- Developer(s): Lemon Interactive
- Publisher(s): [hyper]media limited
- Platform(s): Windows, Macintosh
- Release: 2000
- Genre(s): Educational, adventure
- Mode(s): Single-player

= Opsys =

2000 video game

Opsys is an educational adventure video game by Polish studio Lemon Interactive and published by [hyper]media limited in 2000 on Macintosh and Windows.

== Plot and gameplay ==
When someone breaks into the Museum of the History of Cypriot Coinage and steals all the ancient coins, the player must travel through time and recover them, from 500 BC to 1960.

Players can travel to locations via a map, and can access a clue book to complete the puzzles.

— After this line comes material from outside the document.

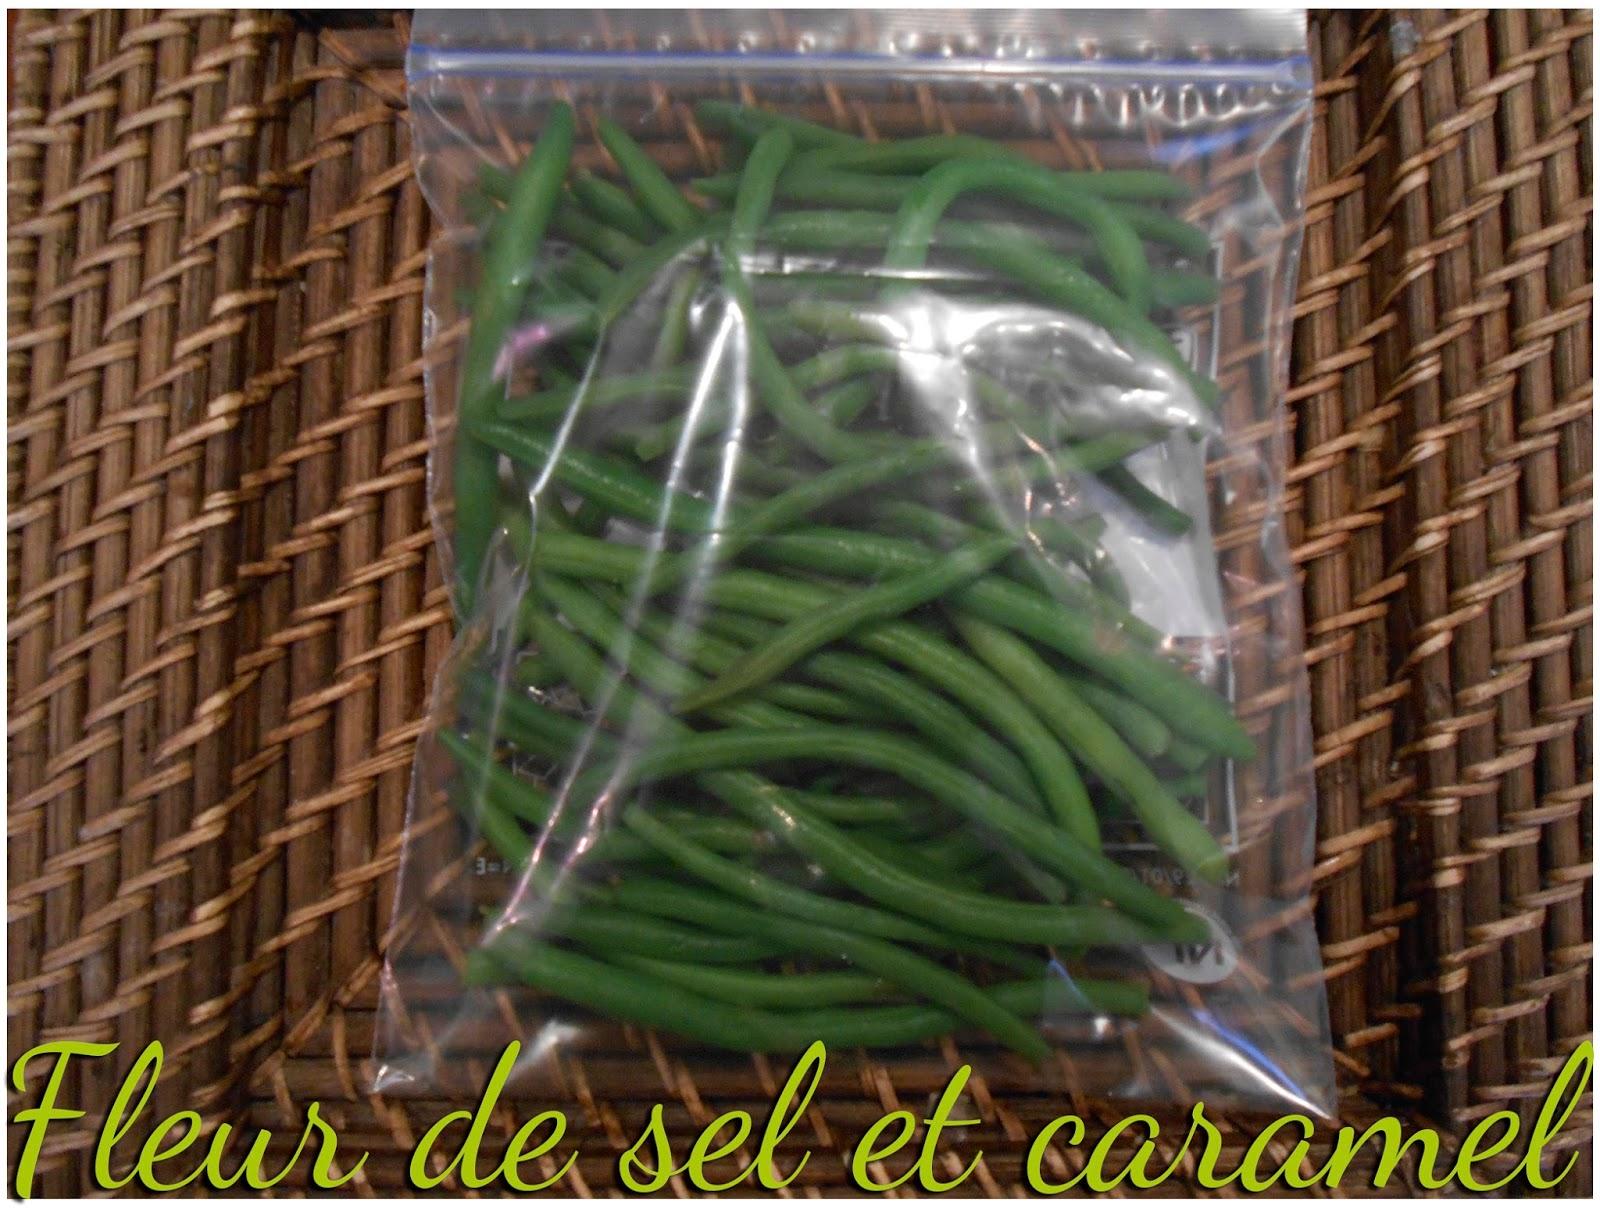 Fleur de sel et caramel cong lation de haricots verts - Congeler les haricots verts du jardin ...
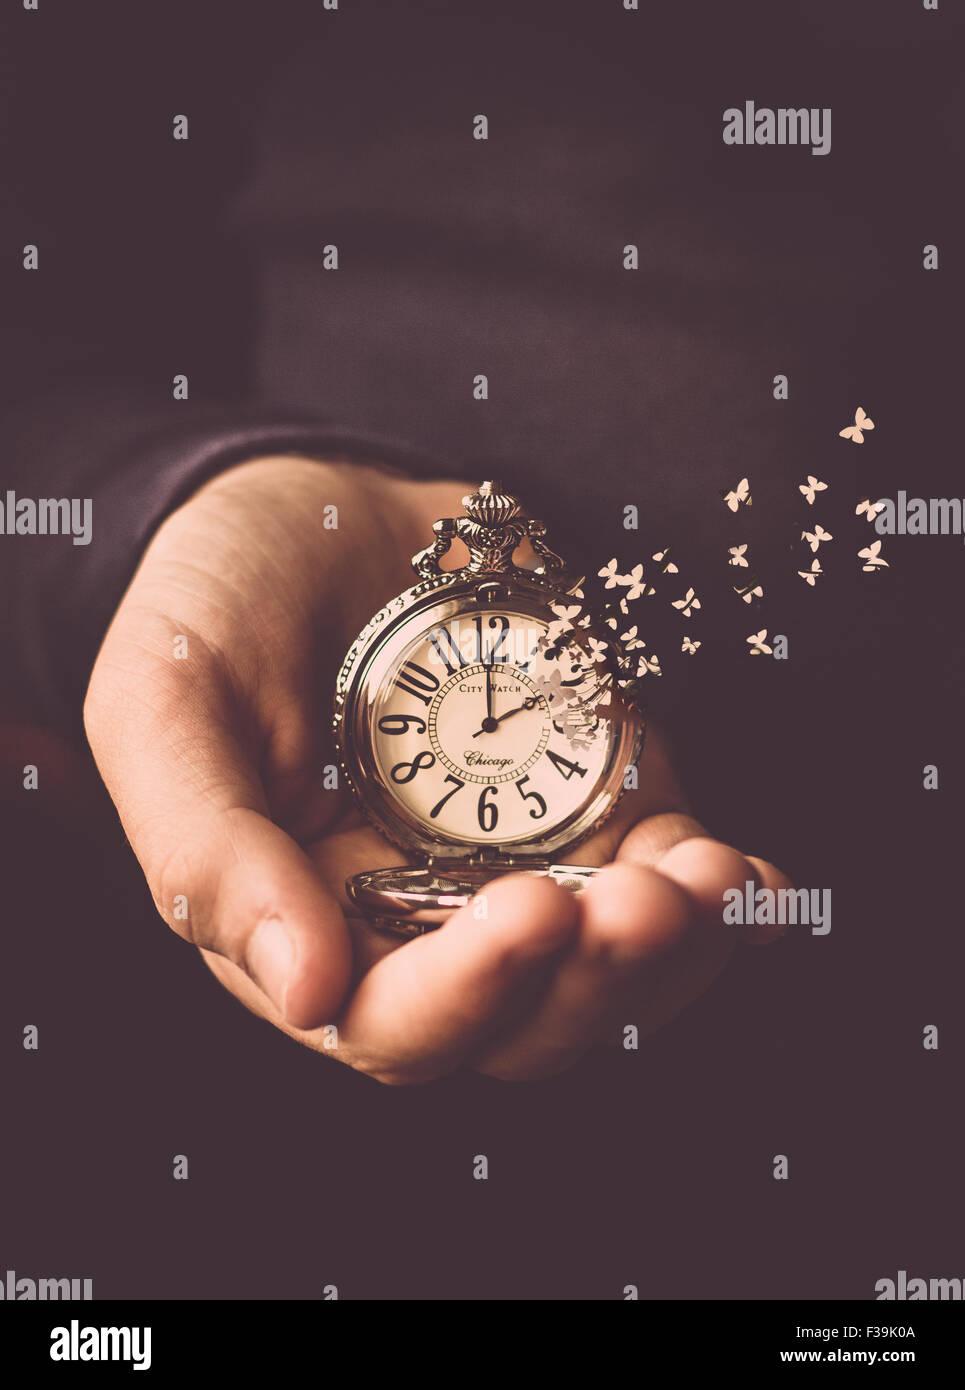 Mann, der eine Uhr mit der Zeit aus dem Zifferblatt wie Schmetterlinge fliegen in seiner Hand hält Stockfoto

Opsys is a 3D virtual reality game with Myst-like graphics and full-motion video.

== Production ==
Lemon Interactive, the game's Polish developer, announced a competition where by the first player to find all the coins would win 10,000 dollars, but the competition was never finalised. The competition was also extended to the English-speaking world. The demo version lacked some gameplay elements and only allowed players to walk through the wardrobe in their own apartment to the virtual reality lab, and access the temple VR, tomb VR and theatre VR.

== Reception ==
Gamepressure/Gry-Online praised the artwork of the landscapes that the player traverses through. Absolute Games deemed it a "boring and tedious game". Gamezone felt it was a "terrific cerebral challenge". Quandaryland felt that one of the only reasons someone would play this game is for the chance to win $10,000. Just Adventure described it as more than a contest than a game.